- Genres: Film playback singing
- Occupation: Singer
- Instrument: Vocalist
- Years active: 1958 – 1972

= Irene Perveen =

Film playback singer

Irene Perveen also spelled as Irene Parveen is a Pakistani playback singer from the 1960s, who mainly sang for Pakistani films. She gained popularity for her film song, "Tumhi ho mehboob mere" for Shabab Kiranvi's Aaina (1966).

==Career==
In the beginning, Irene used to sing in Radio Pakistan's music programs. She started her career in the film Noor-e-Islam in 1957. She sang some popular duets with Masood Rana and Ahmed Rushdi. She later sang many hit songs for 31 films including the super-hit song Tumhi Ho Mehboob Meray in Kiranvi's Aaina, with lyrics by Khawaja Pervez and music by M. Ashraf. In the 1960s, she was the most suitable female singer to sing comedy or parody songs, and sang many comedy songs with Ahmad Rushdi and Masood Rana.

==Personal life==
Irene married Cecil Samuel, from a prominent Peshawari family. She has lived in England since 1983.

==Popular songs==
Irene sang around 800 Urdu and Punjabi film songs. Some of her popular songs are:
- Tumhi ho Mehoob mere (Film: Aaina, 1966)
- Dil na lagana ja ke Des paraye (Film: Insaniyat, 1967)
- Rutt Sawan ki re, Mann bhaawan ki (Film: Zamin, 1965)
- Kaan mein Jhumka dhole (Film: Badnaam, 1966)
- Ik aur baat mani (Film: Badnaam, 1966)
- Maan bhi jao Guriya Rani (Film: Hamrahi, 1966)
- Nikke hundiya da pyar (Film: Mirza Jatt, 1967)
- Arre re re re re re main chali (Film: Katari, 1968)
- Hello Hello Mr.

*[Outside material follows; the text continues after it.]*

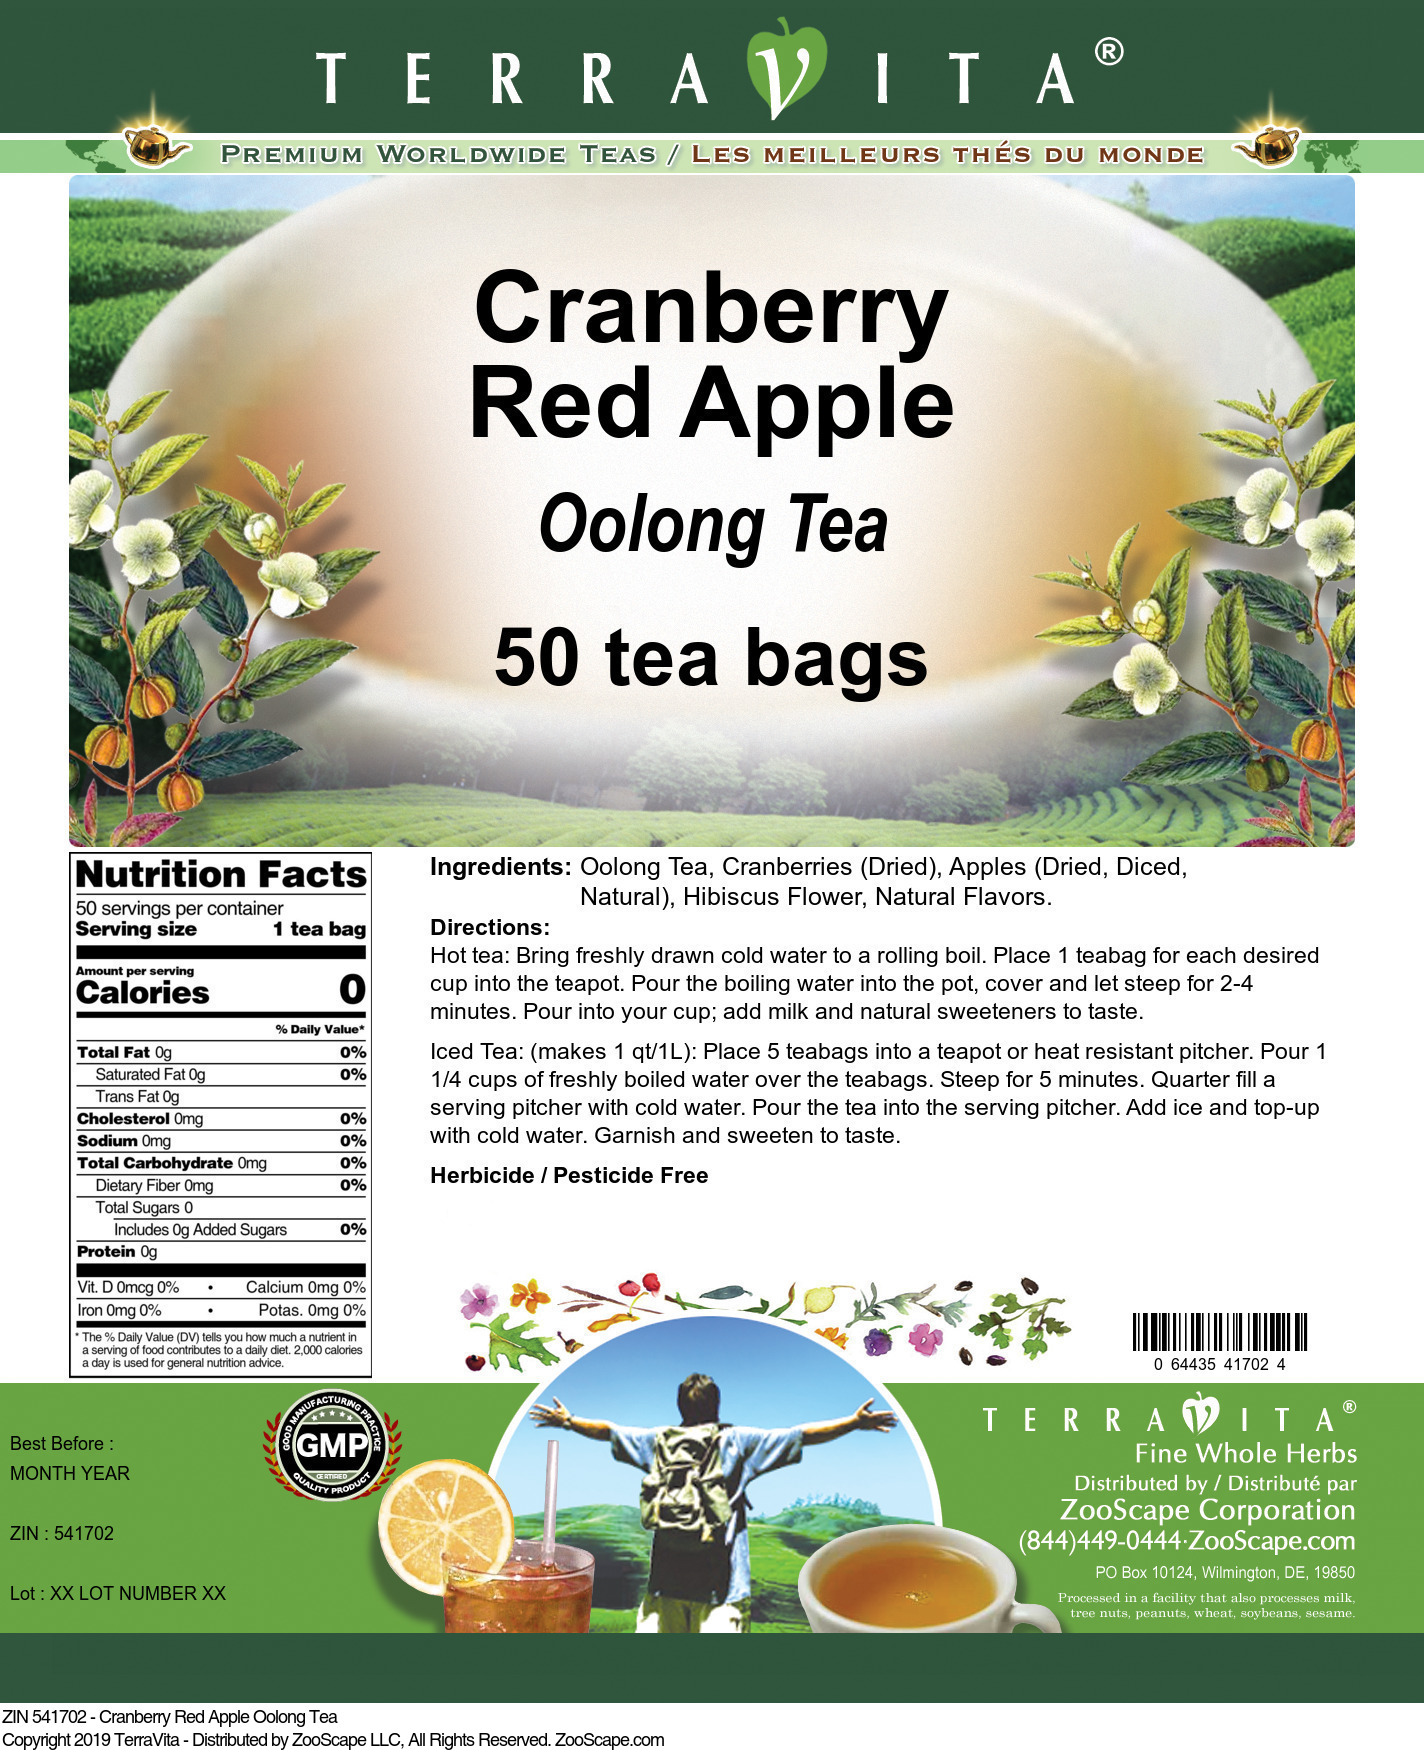 Cranberry Red Apple Oolong Tea - Label

Abdul Ghani (Film: Behan Bhai, 1968)
- Shareer kahein ke (Film: Daastan, 1969)
- Kis qadar hai etmad (Film: Azmat, 1970)
- Aaj nahin to kall is Ghar mein Chand si Bhabhi aye gi (Film: Naseeb Apna Apna, 1970)
- Ke Ke Ke Tumi Bolona (Film: Dheu Er Por Dheu, 1970) [Bengali]
- Tumi Bolte Paro Ki (Film: Swaralipi, 1970) [Bengali]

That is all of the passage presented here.